Thursday, January 30, 2003
Calgary's News & Entertainment Weekly
FFWD Weekly
MUSIC
by Kenna Burima
Preview
PAUL O’DETTE
Friday, January 31
Rozsa Centre (U of C)

It’s not very often that Calgary audiences have the opportunity to witness the music of past eras come to life so vividly as it does in the hands of internationally acclaimed lutenist Paul O’Dette.

Known the world over as the leading performer of early lute music, O’Dette is also a scholar in the field of historical performance practice. He has made more than 100 recordings, many of which have won or been nominated for Gramophone magazine’s record of the year. His mammoth five-CD release The Complete Lute Music of John Dowland has also been received with high acclaim. His performances at various early music festivals around the world have garnered praise from audiences and critics alike.

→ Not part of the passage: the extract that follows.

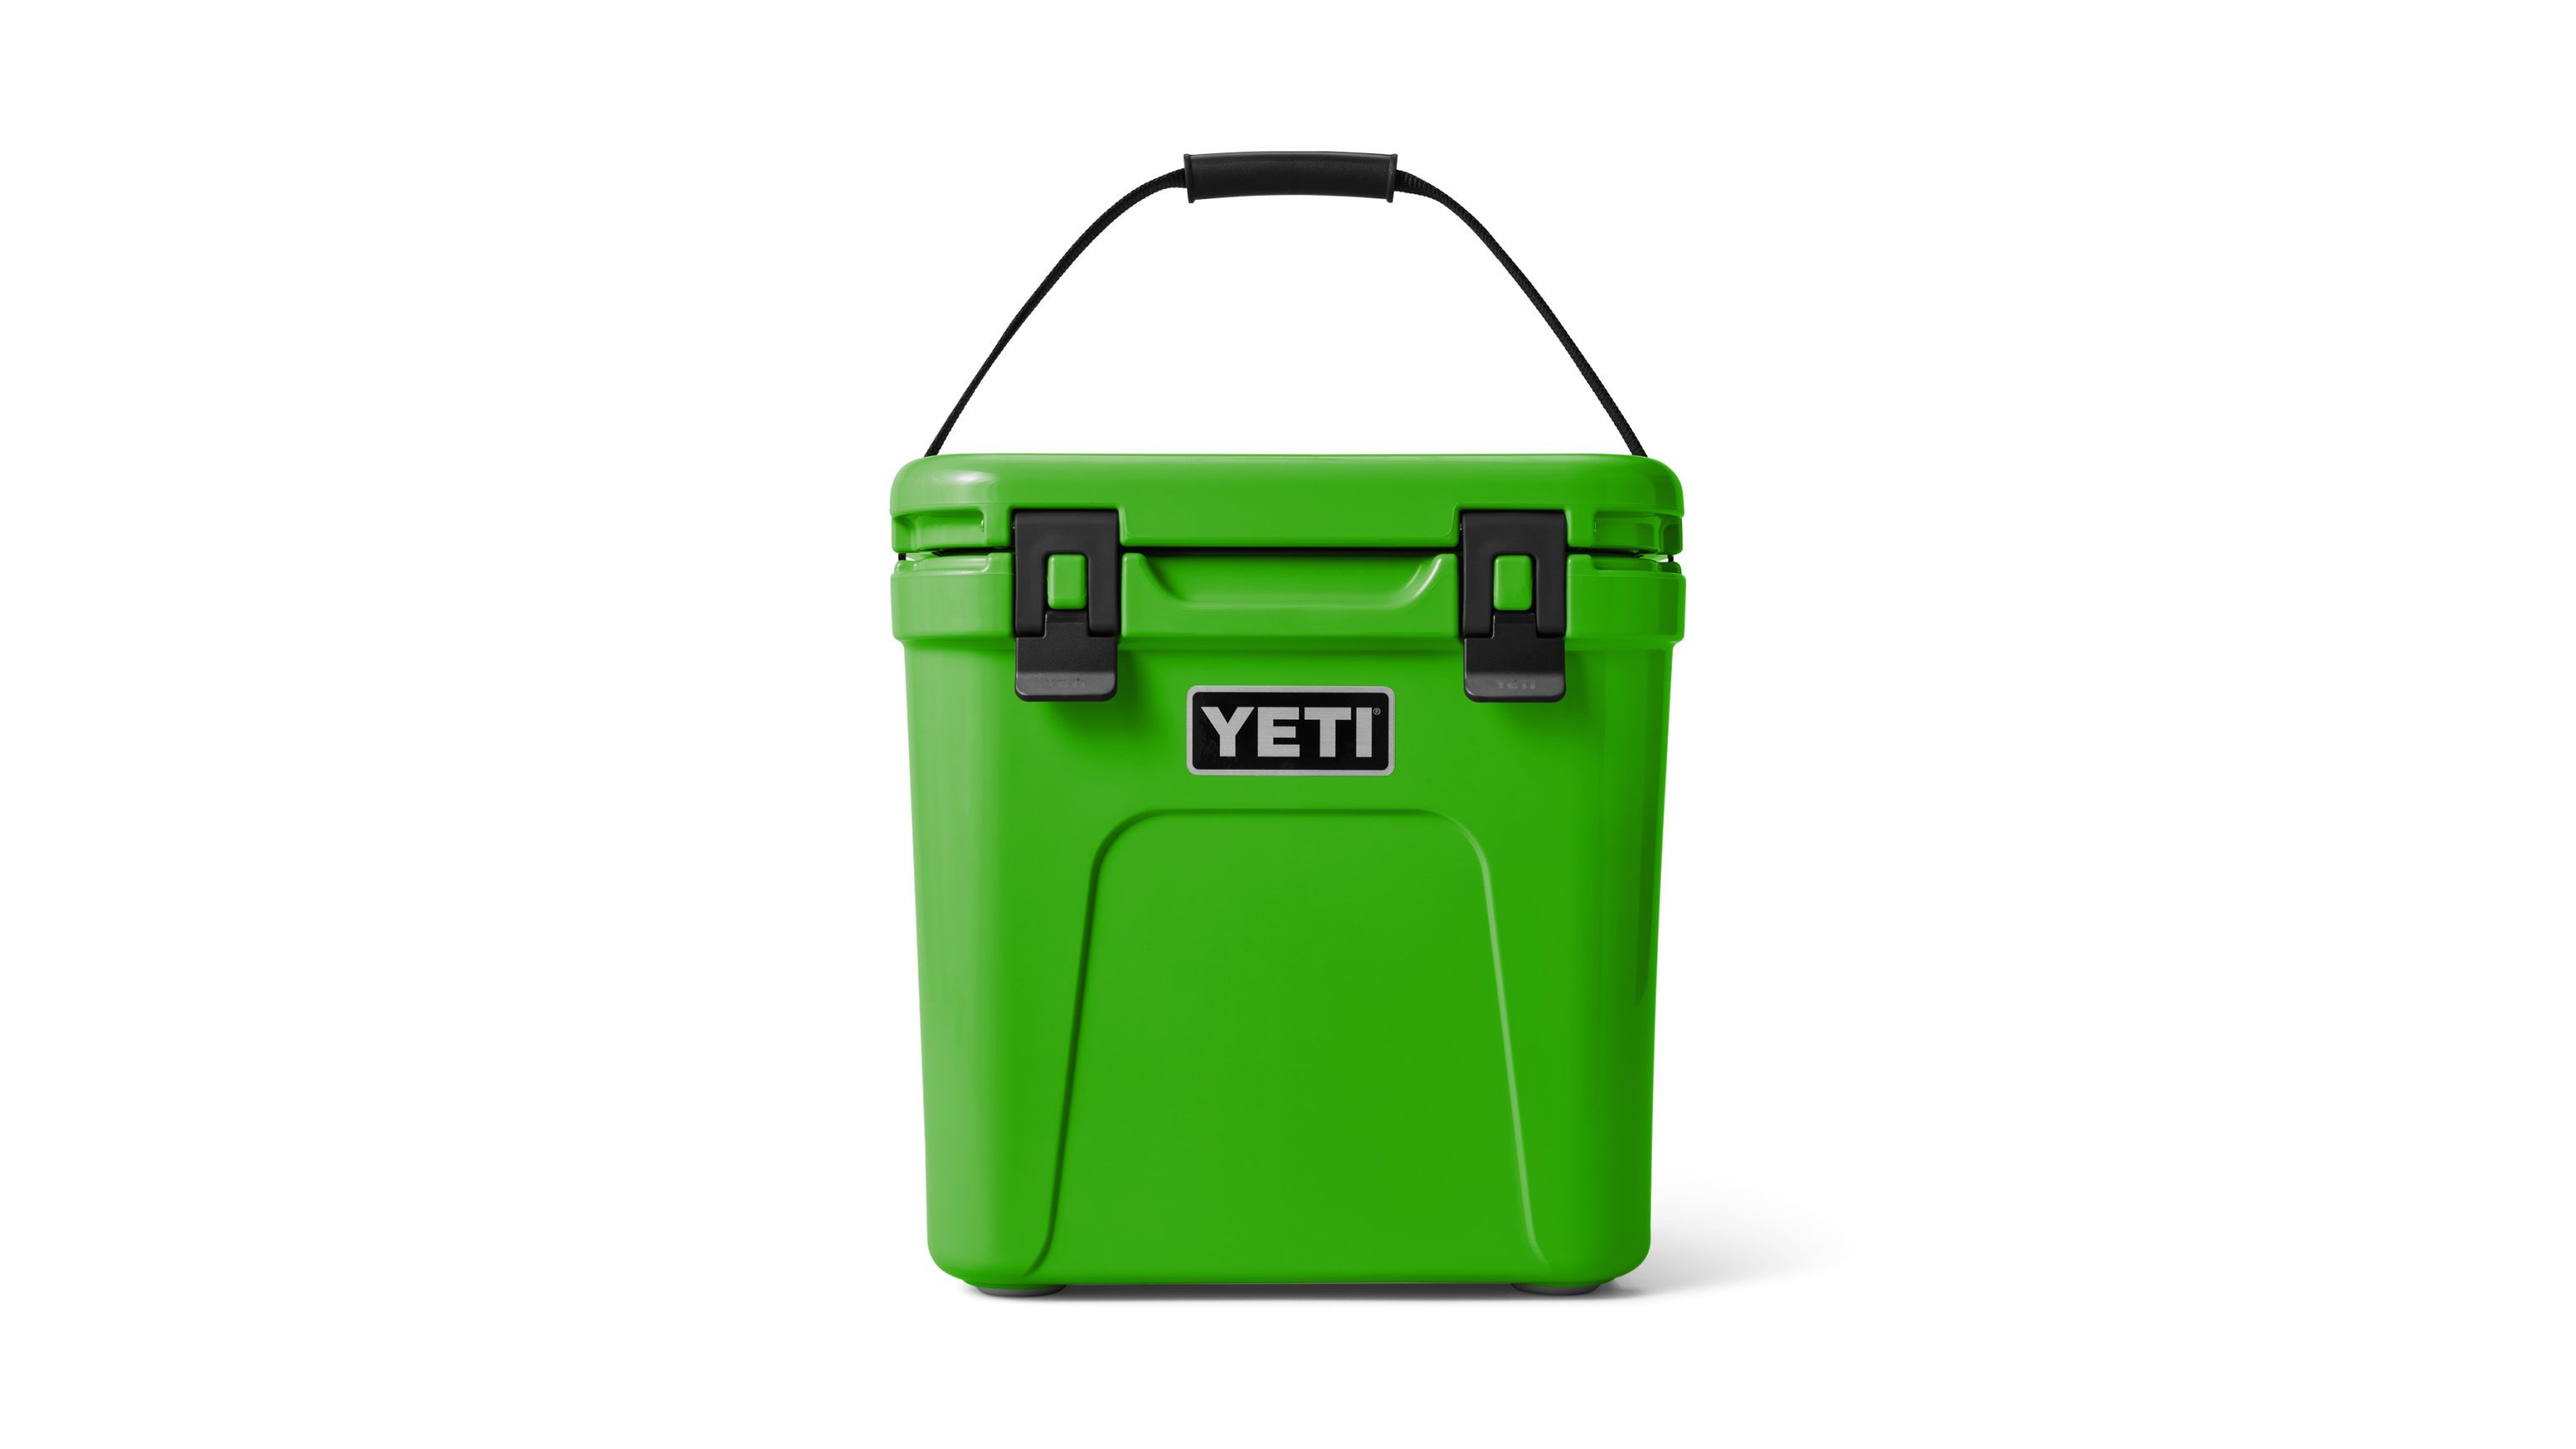 Yeti Coolers Never Go On Sale, But They're Under $200 Today Only​

It is through this active international performing career that O’Dette has been able to continue sharing his love of early music and, fortunately for Calgary audiences, is finding his way here after a whirlwind concert tour in France.

Having started his musical career in a rock band in high school, one might think that his interest in early lute music is a bizarre turn for O’Dette. Yet he says that he was immediately fascinated by the sonorities that early music offered.

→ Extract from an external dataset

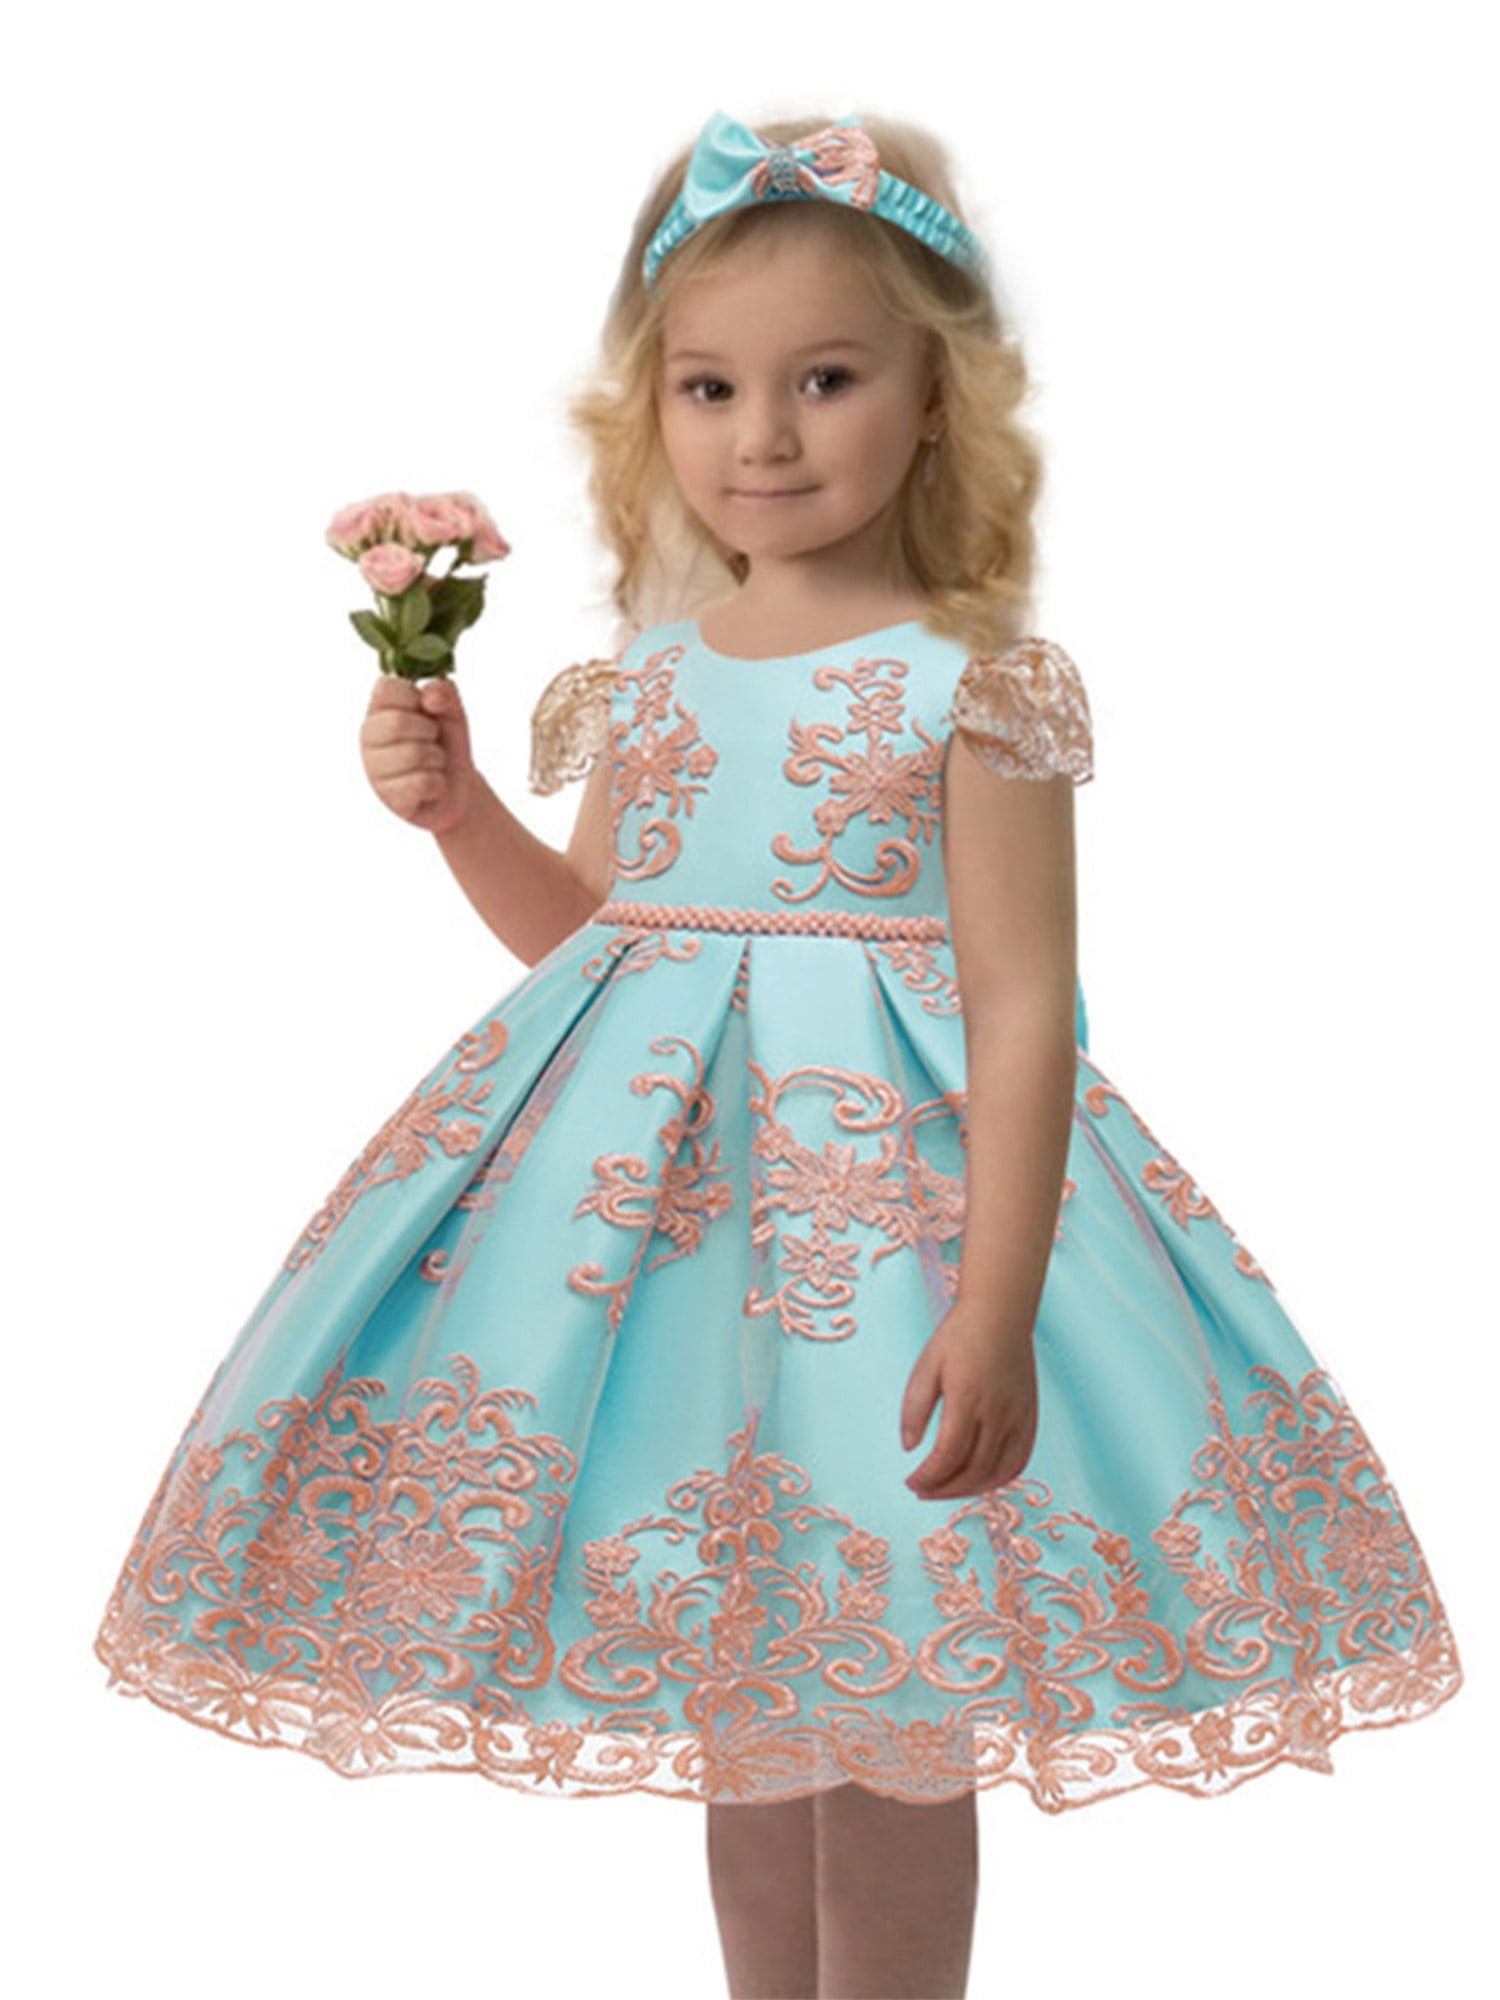 discount 83% KIDS FASHION Dresses Party NoName formal dress Red 12-18M

"I was first introduced to the lute by Julian Bream's magnificent recordings of the 1960s," says O’Dette. "It was really love at first hearing. The delicate expressivity of the lute immediately attracted me and I found the energy, character and variety of the music extremely appealing. The rhythmic vitality and earthiness of the dance music, alongside the serene beauty and complexity of the fantasias and ricercars, provides a range equivalent to an artist performing rock and classical music on the same program."

Since he had played electric guitar for many years, O’Dette found the role of improvisation very exciting. He says the fact that more than 50,000 pieces survive for the lute, many of them of the highest quality and most of them unperformed for the past 400 years, was another allure

In performing early music, the concept of "authenticity" is always foremost in the performer’s mind. Through his work as director of early music at the Eastman School of Music and artistic director of the Boston Early Music Festival, O’Dette has found that there are as many challenges as there are rewards in the area of historical performance practice.

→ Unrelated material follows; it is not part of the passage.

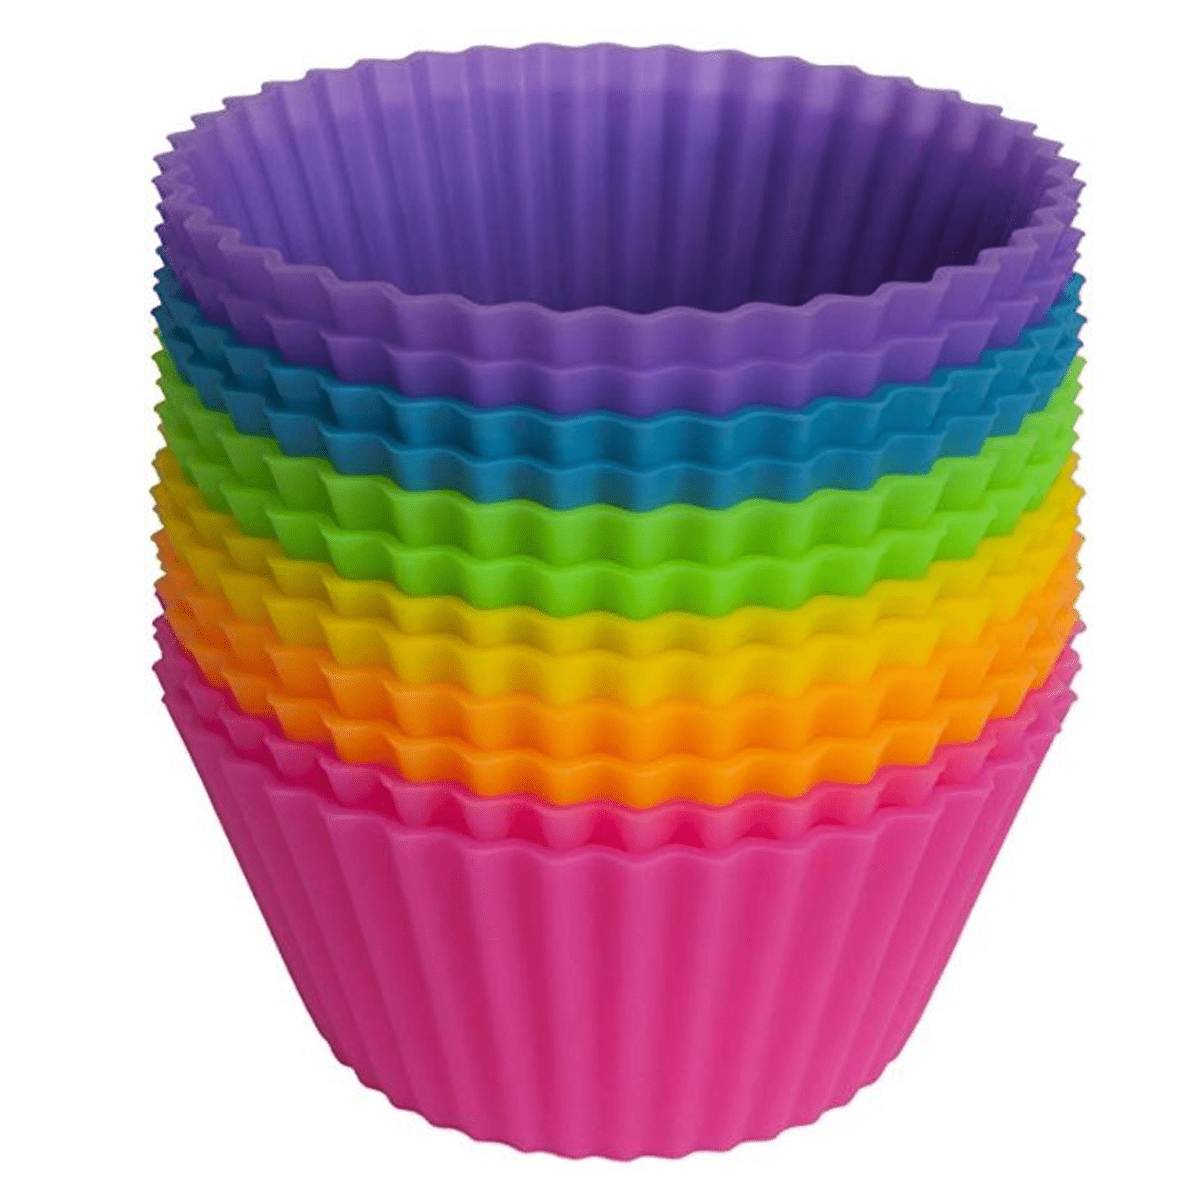 Reusable Silicone Baking Cups - Set of 12

"There’s such a large body of unexplored repertoire," he says. "The rediscovery and application of performance approaches to different repertoires have revolutionized our perception of a great deal of music. A lot of music, which heretofore was thought to be second rate, turns out to be extremely exciting if performed in the right way….

"The disadvantages are that since each repertoire was written for a different instrument, it is a great challenge to work out programs, which only require one or two different kinds of lutes at a time."

O’Dette’s Calgary performance will feature music by Italian and English late Renaissance composers, including fantasies and dances by Giovanni Antonio Terzi and John Dowland. Much of the music O’Dette tackles seems daunting to other performers of the instrument. He notes that Terzi is considered to have written the most difficult, and at times seemingly unplayable, music ever written for the instrument.

"This is unfortunate since his two collections of 1593 and 1599 contain some of the most inspired works of the late Renaissance," says O’Dette. "One contemporary marveled, ‘with the sound of his lute Terzi vied with the harmony of the angels.’"

O’Dette adds that Dowland was the most celebrated lute composer of his day, with his music becoming extraordinarily popular throughout Europe and appearing in print in more cities than the works of any other composer of the period.

Even having accomplished so much in the past decades, O’Dette is humble about his contributions to the world of early music.

"I would be delighted if I have contributed in some small way to the revival of the lute," he says.

What is most rewarding for him is when audience members tell him they were afraid lute music would be dry and boring, but that after hearing it they found it to be beautiful and exciting.

"I have insisted on presenting unknown masterpieces because of their great musical and theatrical qualities," he says. "The fact they are currently unknown is only an accident of history, not the result of careful analysis and consideration. These great works enrich our lives in a way the standards never can for the simple reason that they surprise and delight us with new and unexpected twists and turns."